* [Activity]
Each line of the data must reappear exactly in your answer, with no images included.

* [Supplied material]
------

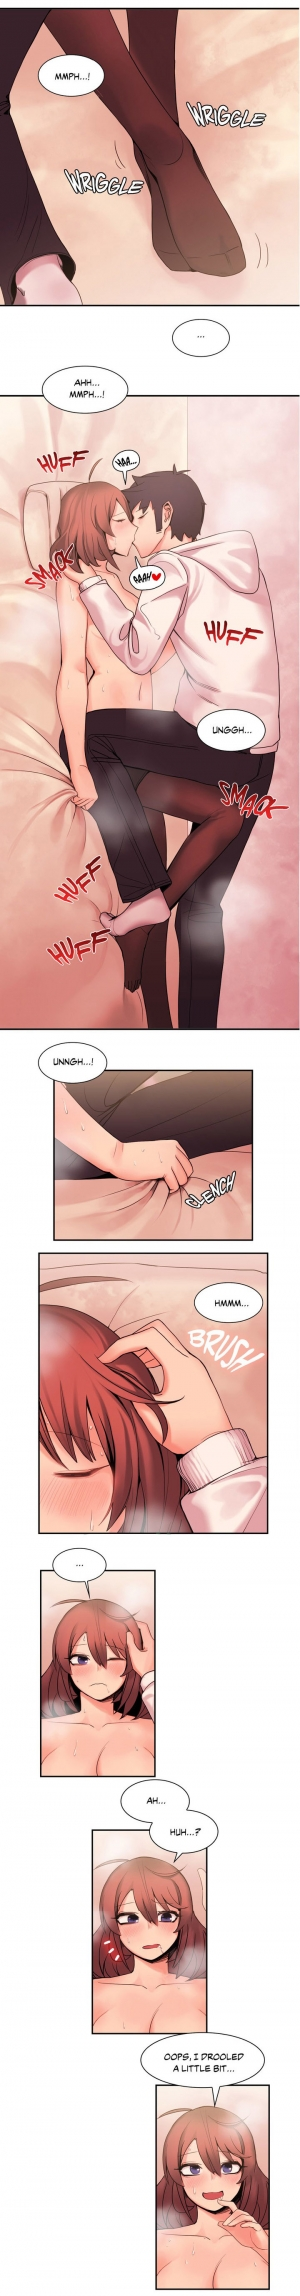 [Gaehoju, Gunnermul] The Girl That Got Stuck in the Wall Ch.11/11 [COMPLETED] [English] [Hentai Universe] - Page 130
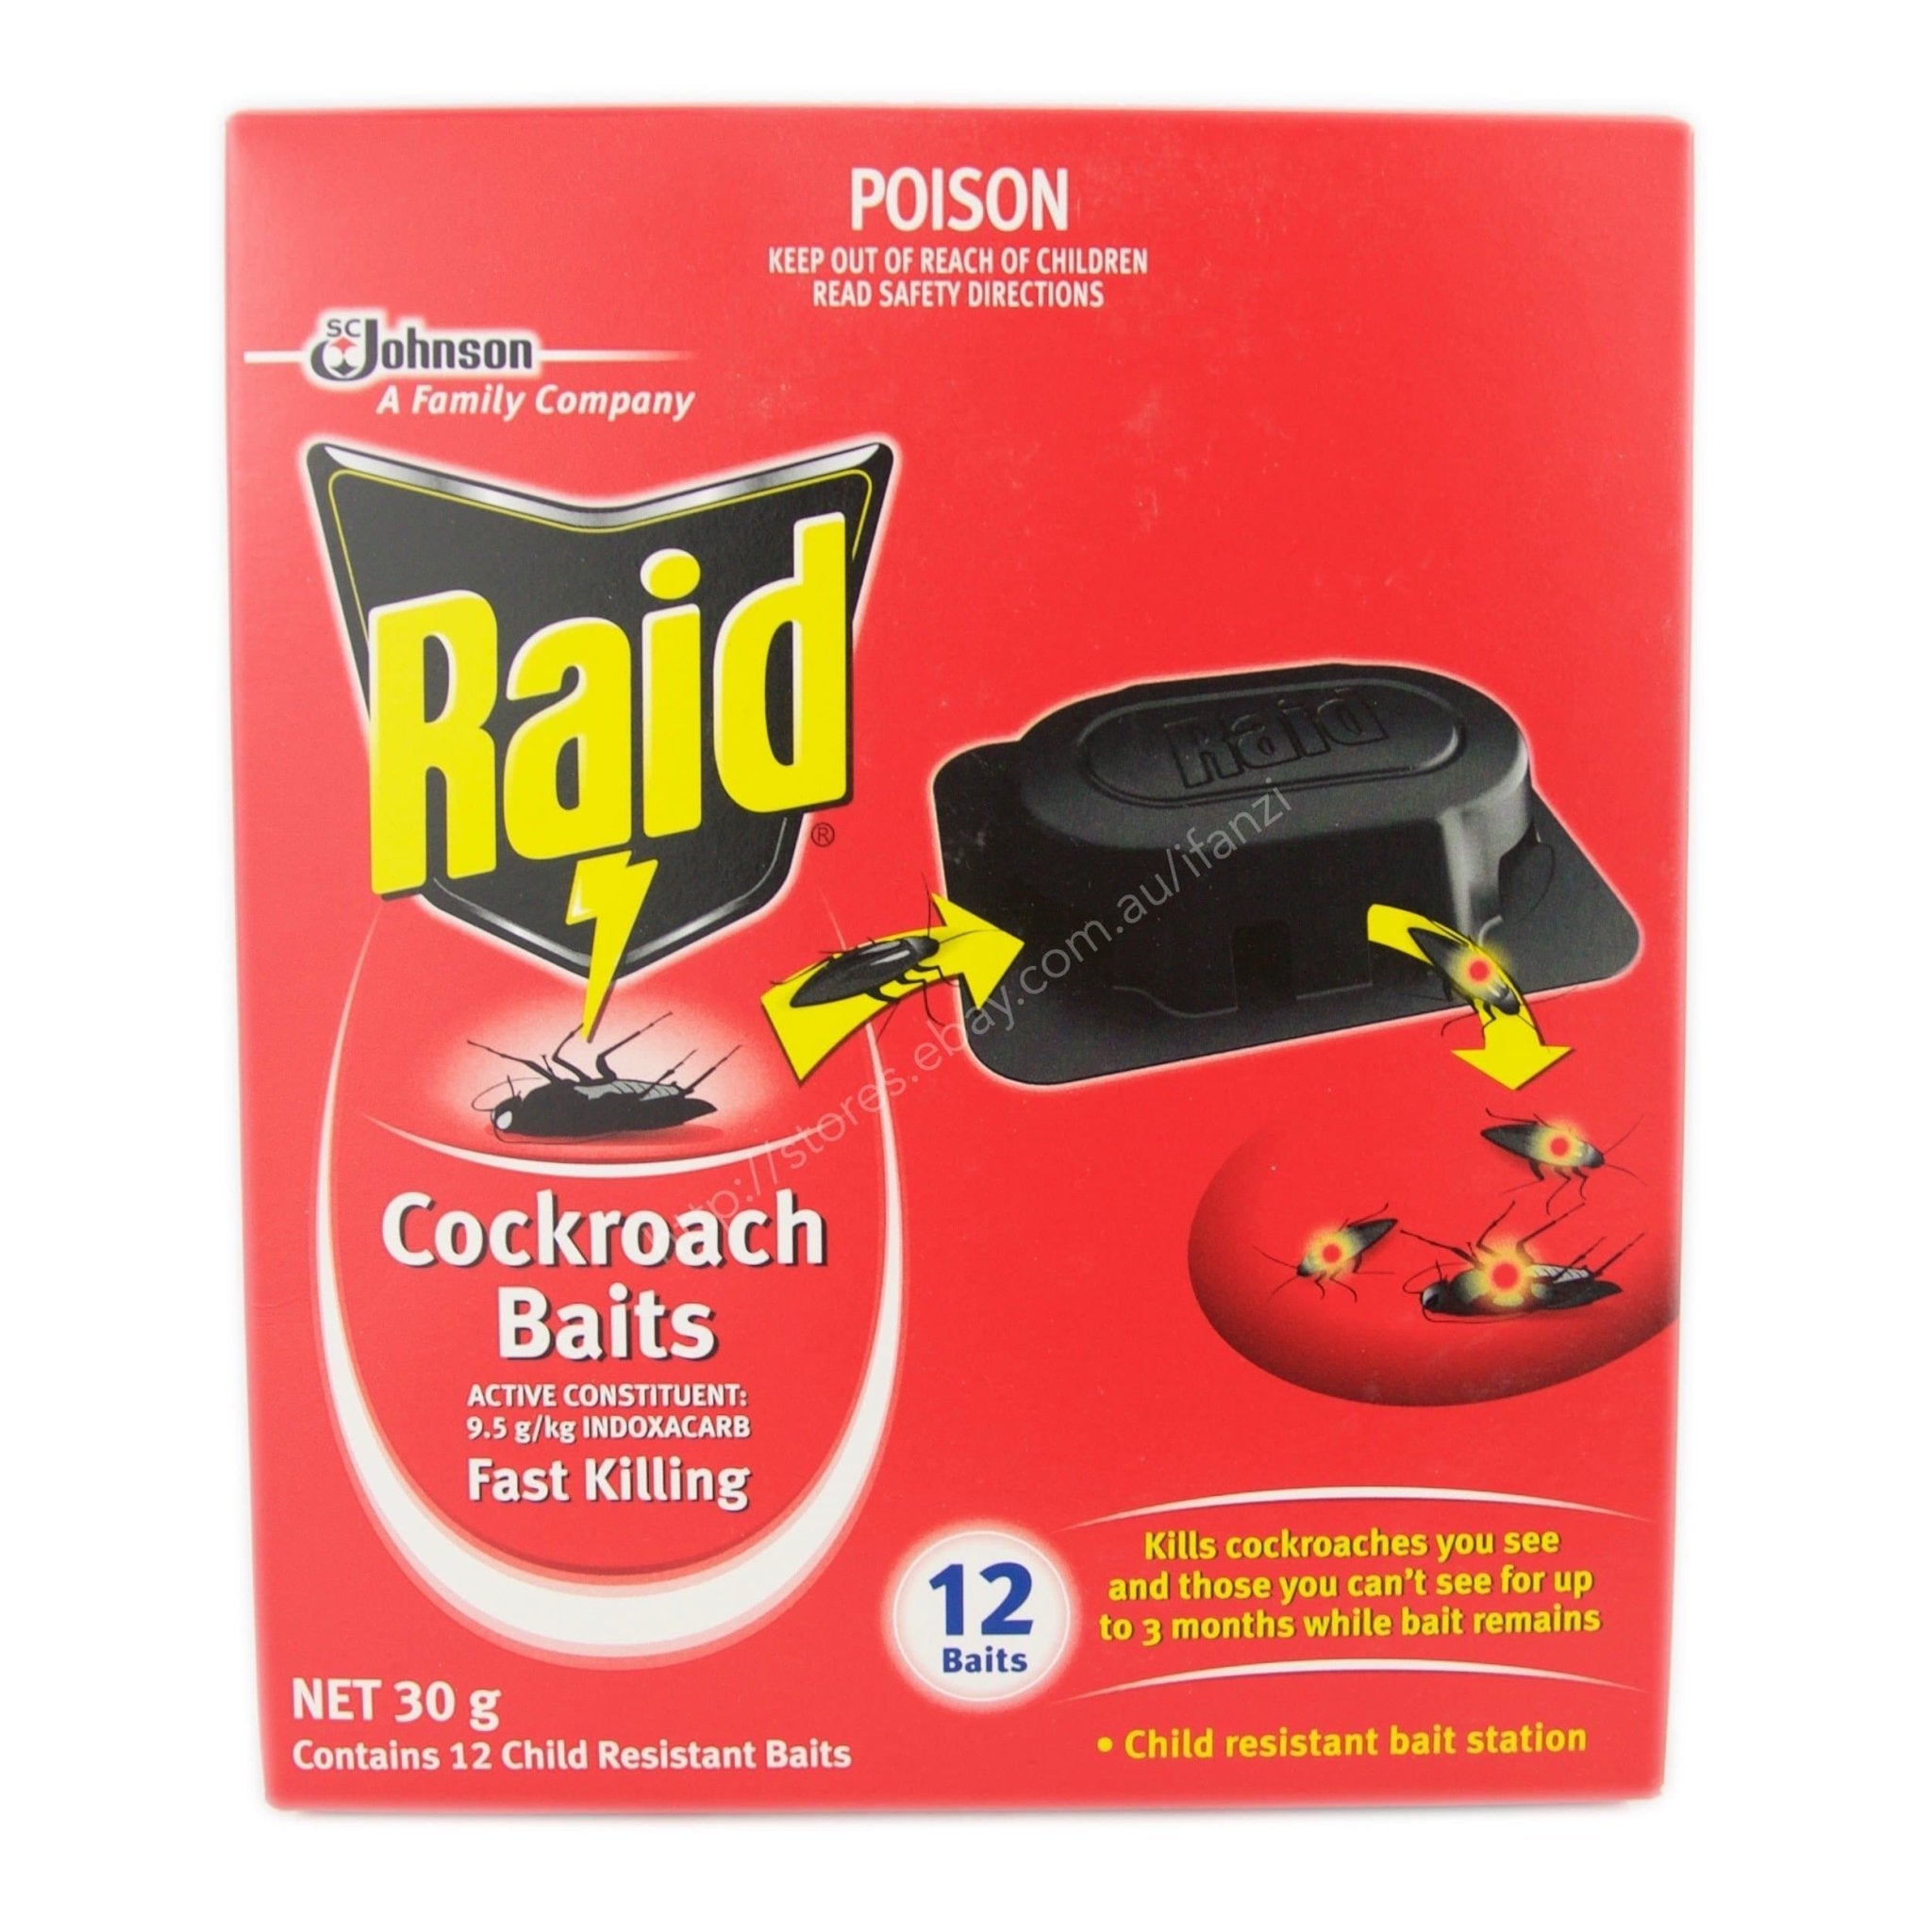 Raid Cockroach Baits 12Pieces included 788054 - Double Bay Hardware
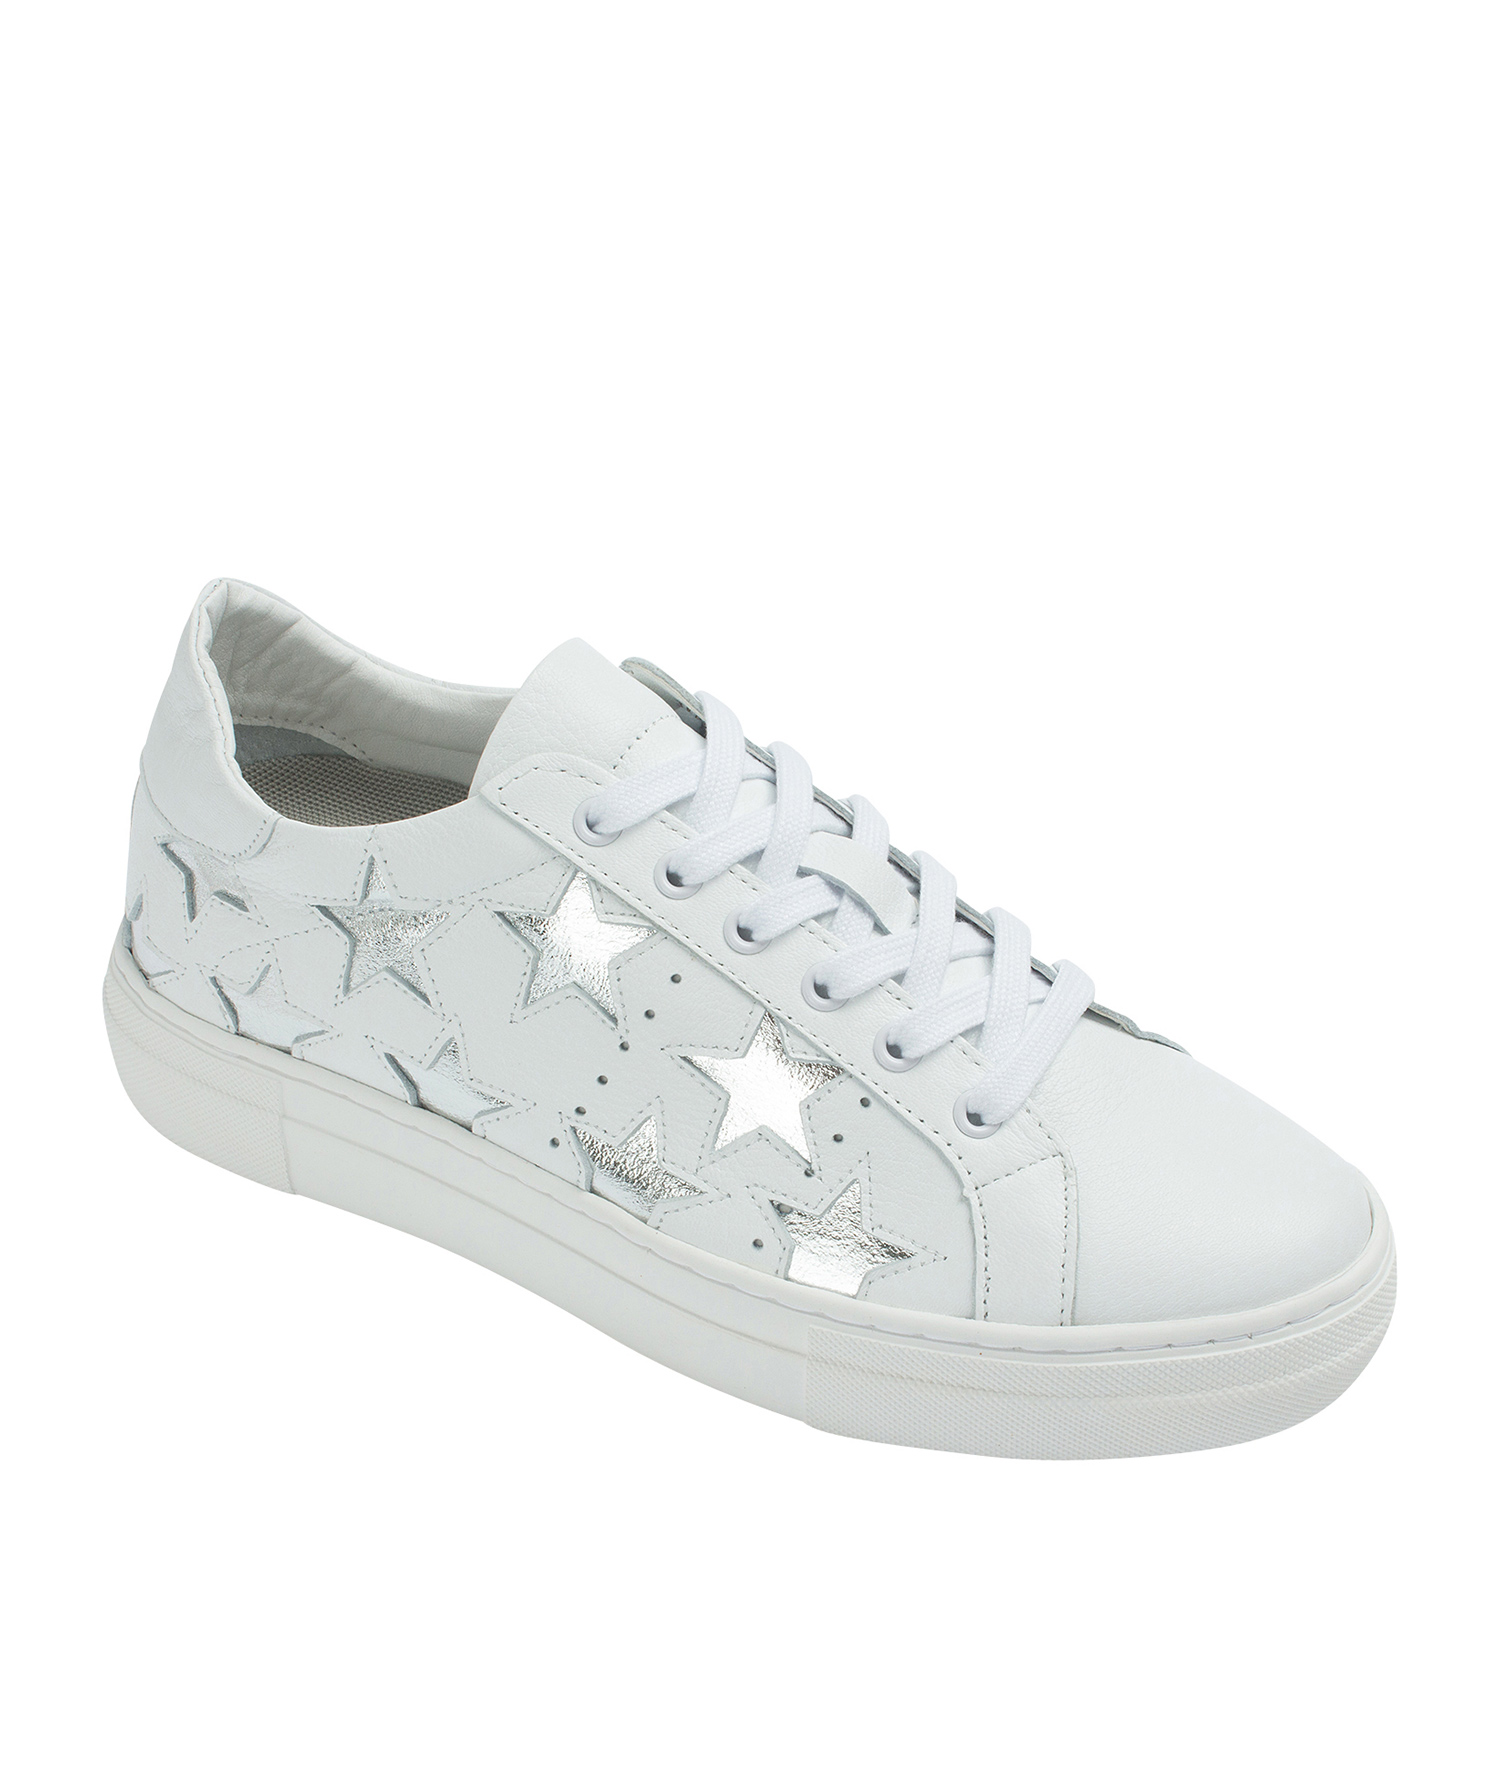 white shoe with star

------

* [Answer space]
 [Gaehoju, Gunnermul] The Girl That Got Stuck in the Wall Ch.11/11 [COMPLETED] [English] [Hentai Universe] - Page 130
 Raid Cockroach Baits 12Pieces included 788054 - Double Bay Hardware
 white shoe with star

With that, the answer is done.